We are so far from civilized today, that not only is torture considered a reasonably debatable proposal, but it’s actually been national policy for a long time now.
The idea that it can’t happen here - especially when we’re right in the middle of it - is a common but almost always wrong illusion.
We’re still pretending that there aren’t medical experiments being performed on human beings at that black site in Guantanamo, so shhh.
A Town Like Alice is my favorite book of all time. I have made all my children read it as well as a number of friends. The beginning is very tough as it is during the Bataan death march and you feel like it’s going to be a horribly depressing book but that all changes and it is tremendously uplifting. Such a wonderful story!
McArthur went over there, and left them off. Thousands of people killed all over them attacking us.
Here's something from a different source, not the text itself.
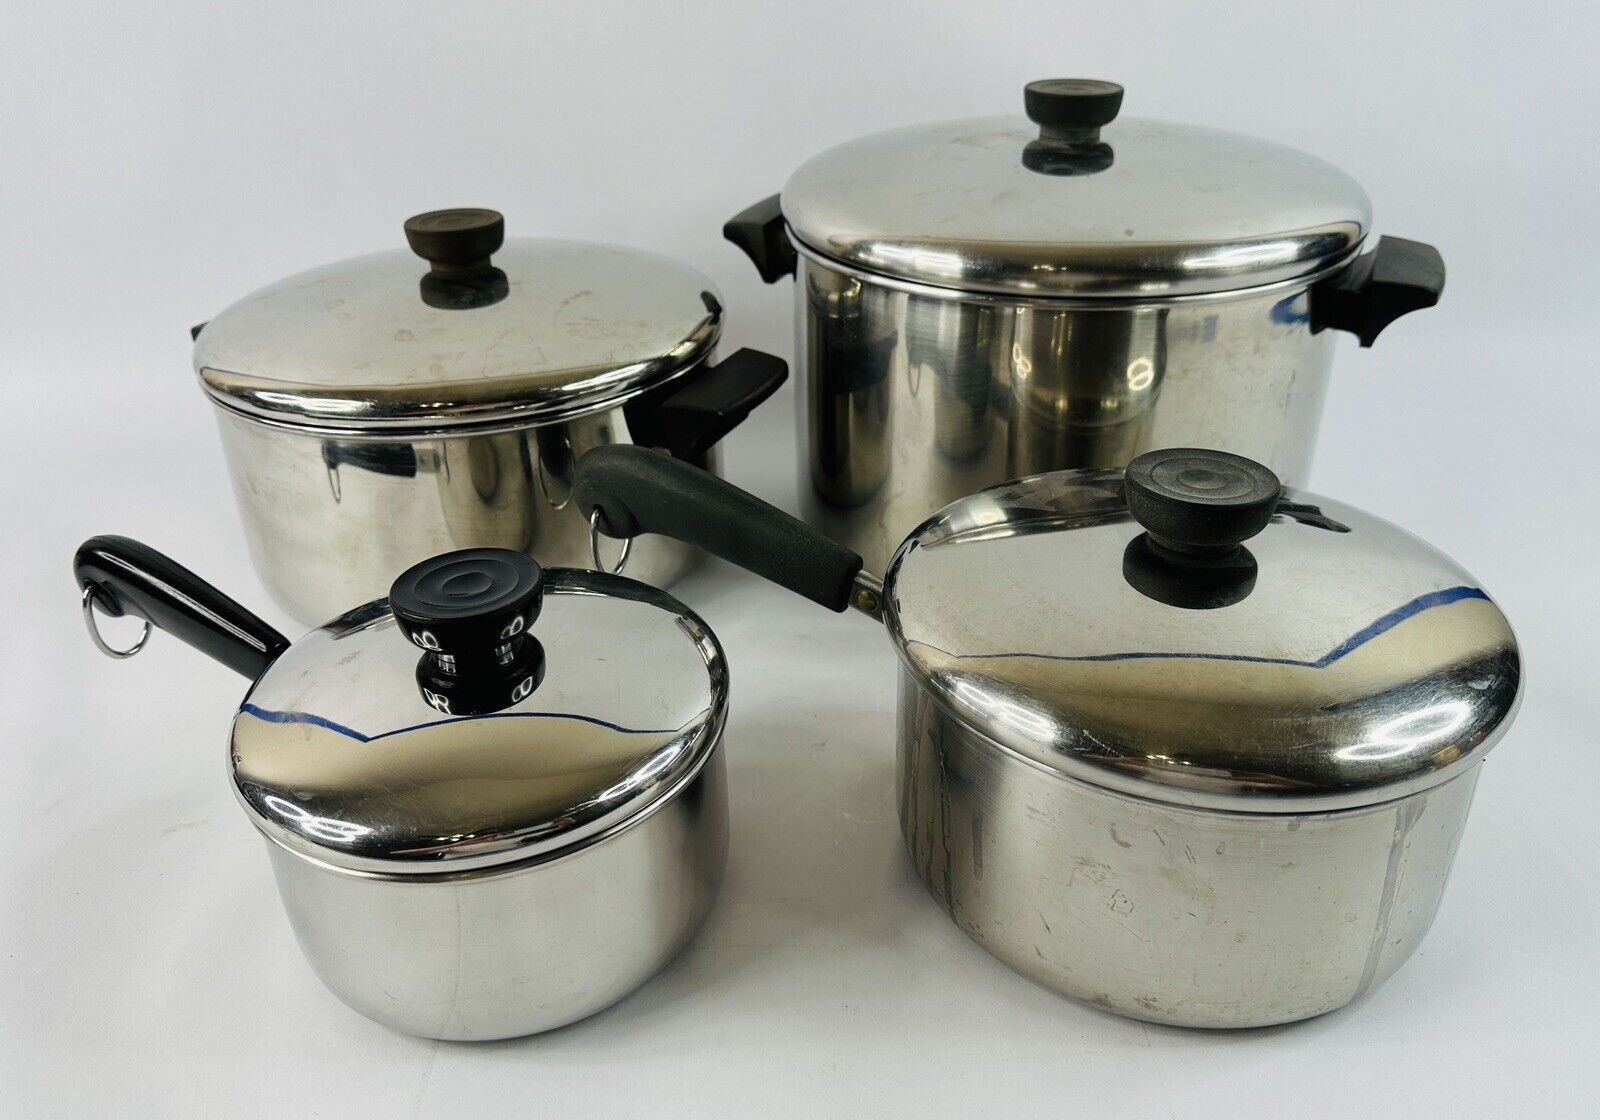 Vintage Revere Ware Pots And Pans Set w/Lids
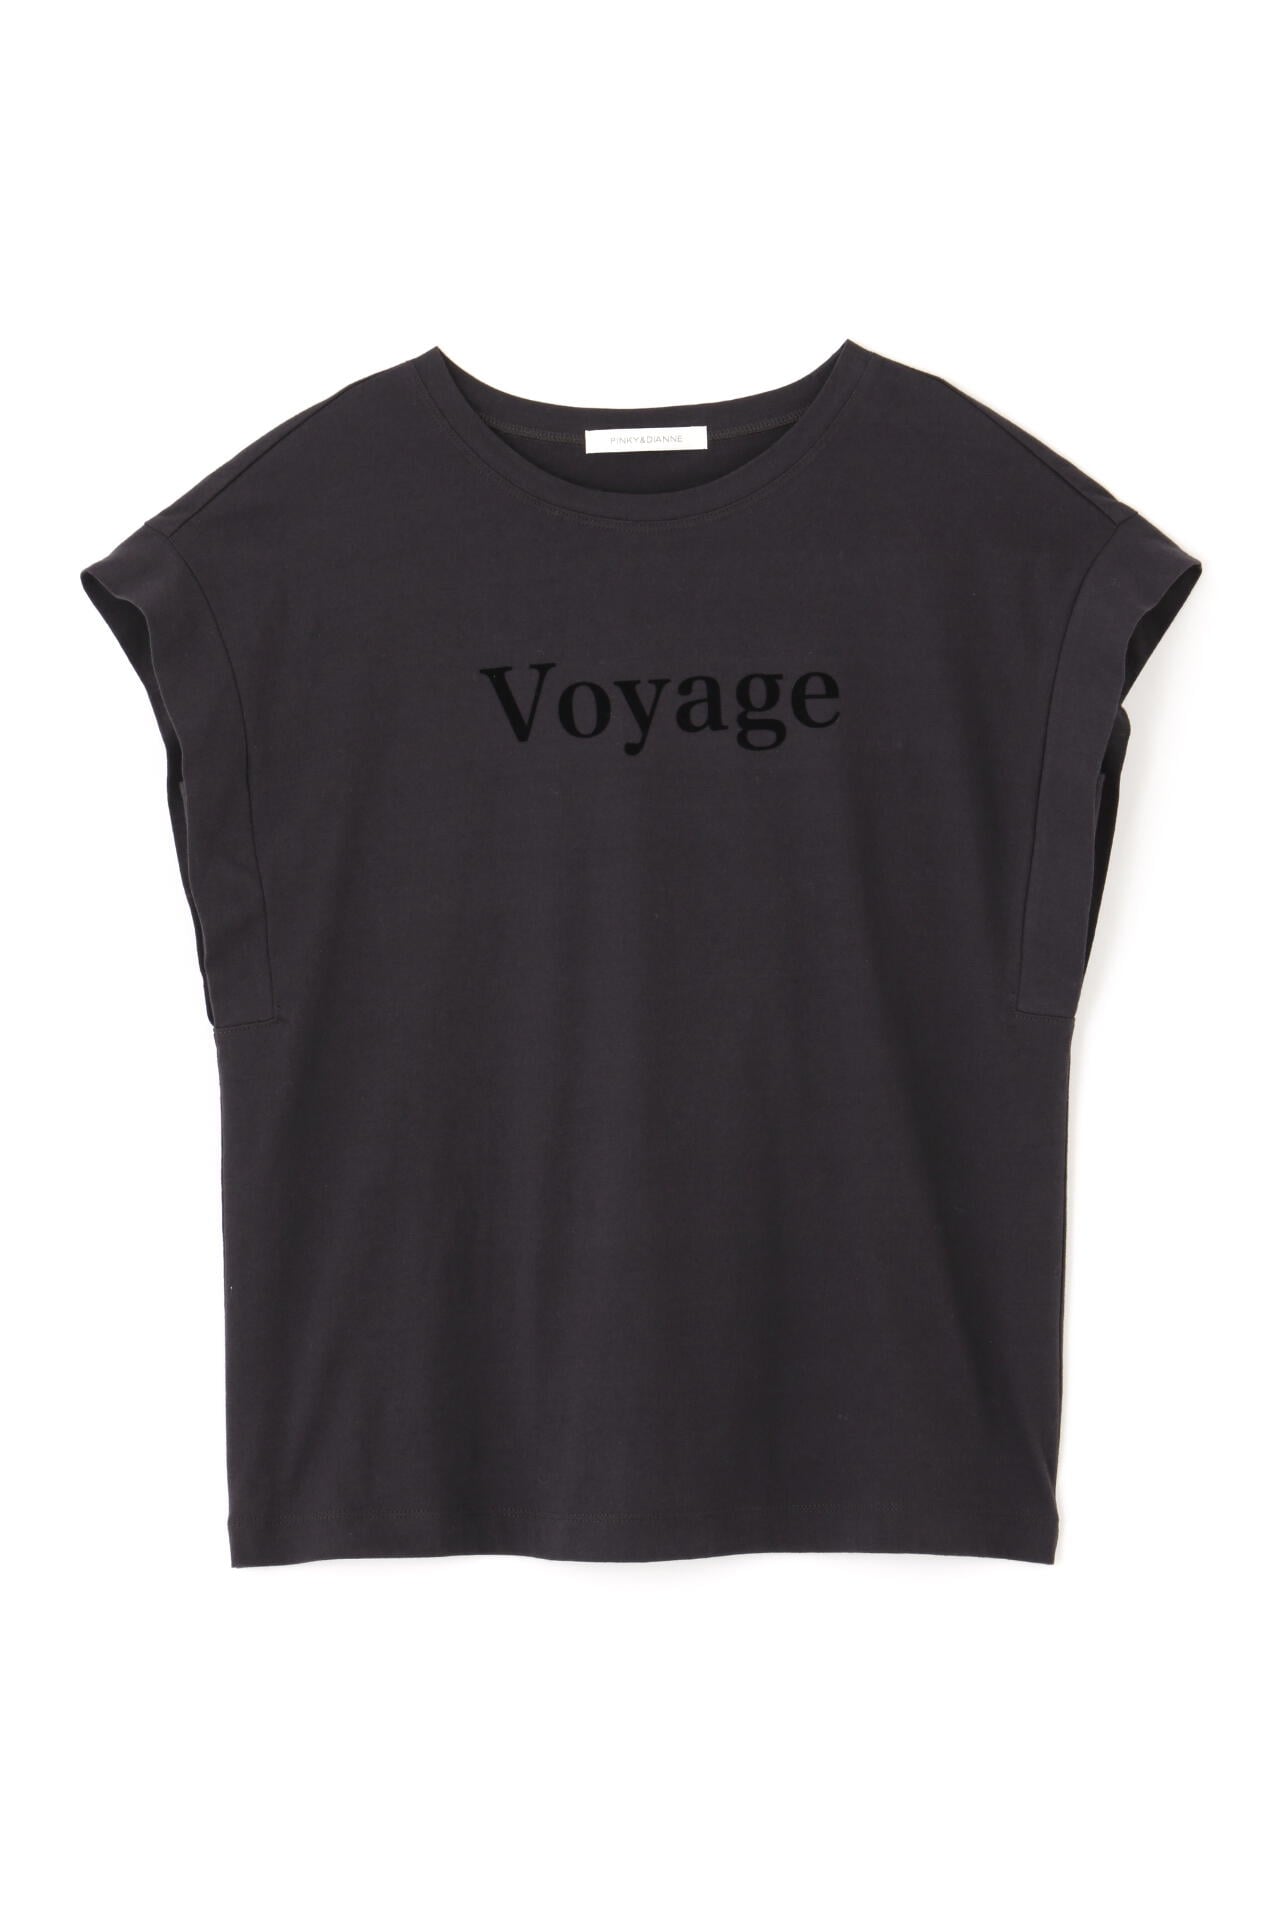 【先行予約 4月中旬-下旬入荷予定】VoyageプリントTシャツ

Had to be the dumbest of all wars, next to our civil war.
I think what I like about Trump, is that he understands, that you need one big guy on every block who keeps the peace. You will never need to go to war, if there is one guy who will keep things from getting out of hand. Ideally it’s an army of robots.
Until then, the big guy on the block is us. We keep the peace. WE keep the petty bullies like Iran and N. Korea from starting a major out break.
I can’t imagine that China wants to go to war with us. Russia too.
I feel that way when I listen to Japanophiles make excuses and ridiculous rationalizations for the Japs' reluctance to admit to any wrong-doing.